Easy and Flexible Handling
Buy and sell uncomplicated and enjoy the flexibility of CFDs.
Spread your funds easily to different values, e.g. commodities and precious metals.
The occasional costs for buying and selling CFDs are very low.
Intraday-transaction costs do not apply. If long position CFDs are not sold the same day they have been bought, you have to finance the whole underlying.
There are no complicated formulas or calculations and factors like remaining terms and volatility are not necessarily required for CFD traders.
The cost structure is simple and easy to overlook.
Benefit from Falling Prices
With a CFD you can´t just trade on rising markets, you also can go “short” and trade on falling markets.

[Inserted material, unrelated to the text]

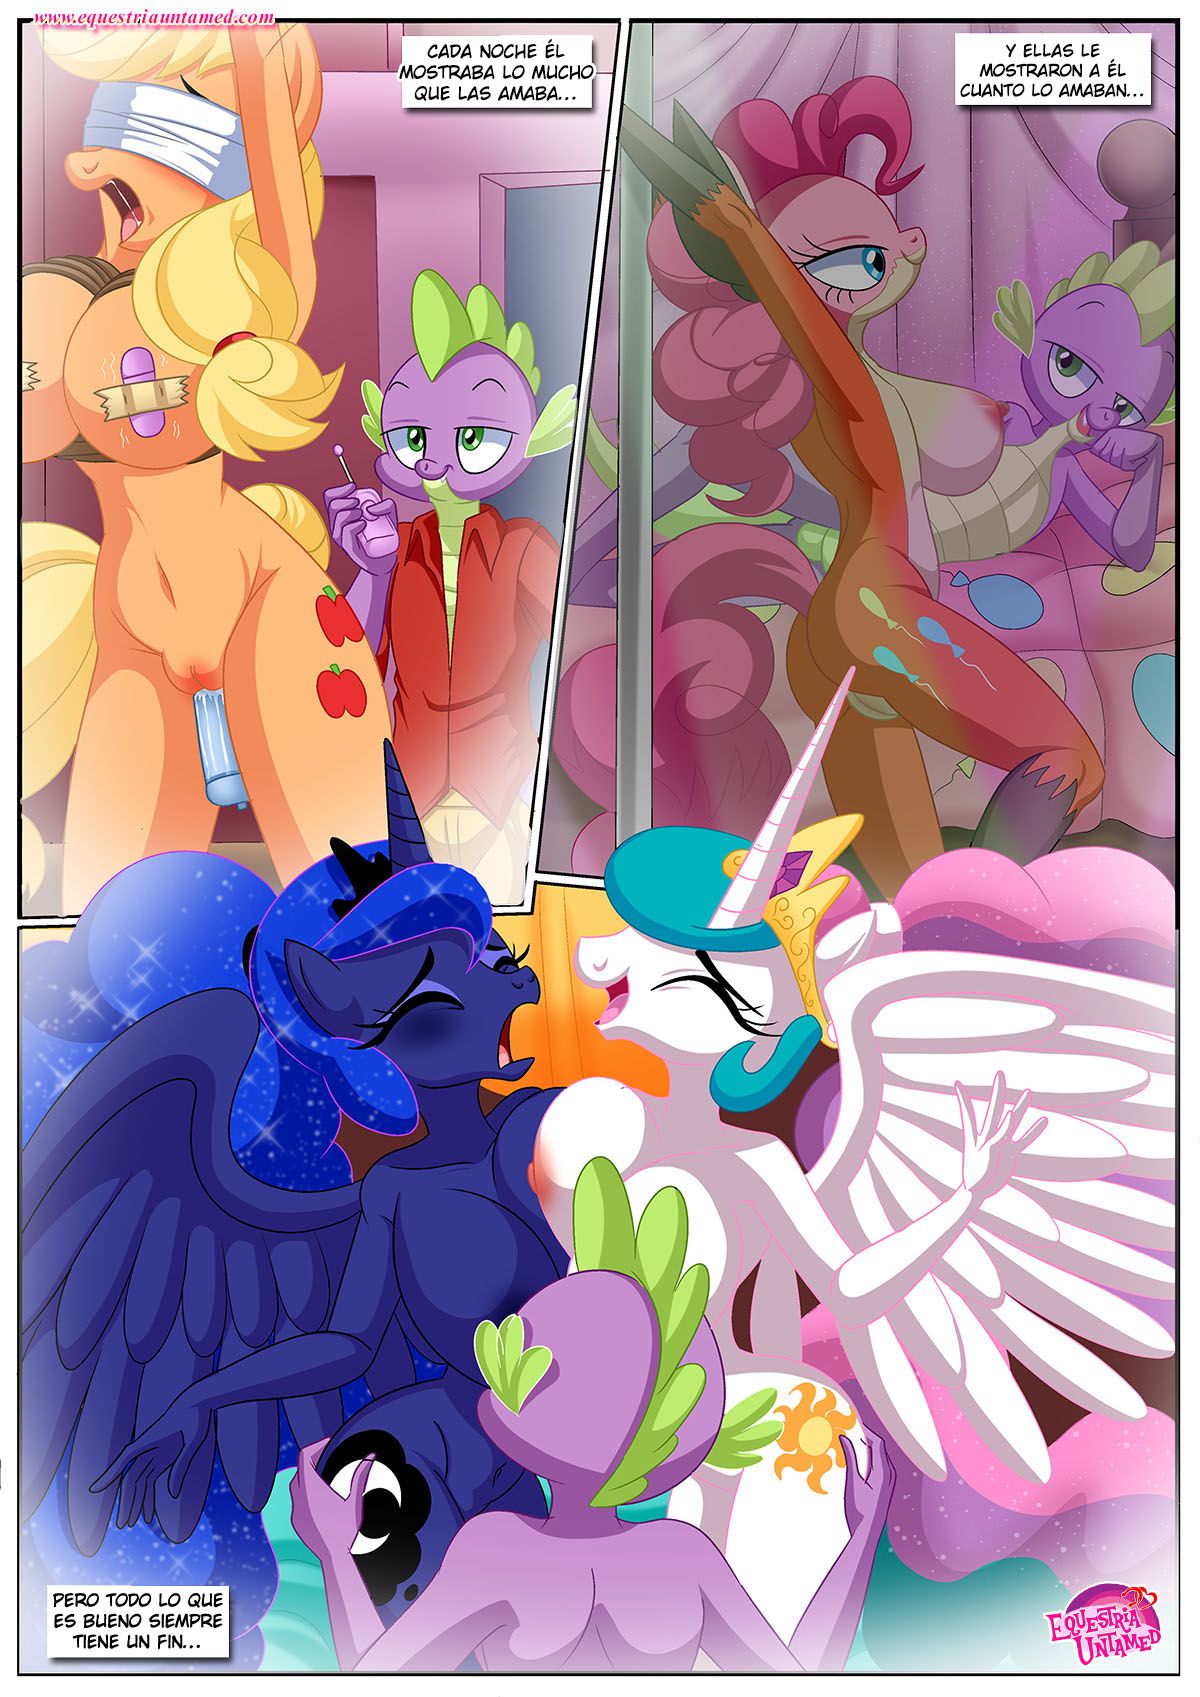 [Palcomix] La Fantasía Definitiva de Spike O El Harem del Rey Dragón | (My Little Pony: Friendship is Magic) (Spanish) [kalock] [En Progreso] 4

As a private investor, you are not allowed to act in short selling normally. With a CFD you are able to trade short selling easily.
As a CFD trader, you can trade global. With a CFD account you have easy access to international markets in real-time. You are able to trade fast and uncomplicated.
Use the Leverage Effect
One of the best benefits is the possible leverage effect. With that effect, you can benefit from small market movements already with little capital.
Hedge your Stock Values with CFDs
If you hold shares, which you don´t want to sell, you can hedge them by short-selling. Hedging allows you to minimize your risk, without losing possible benefits.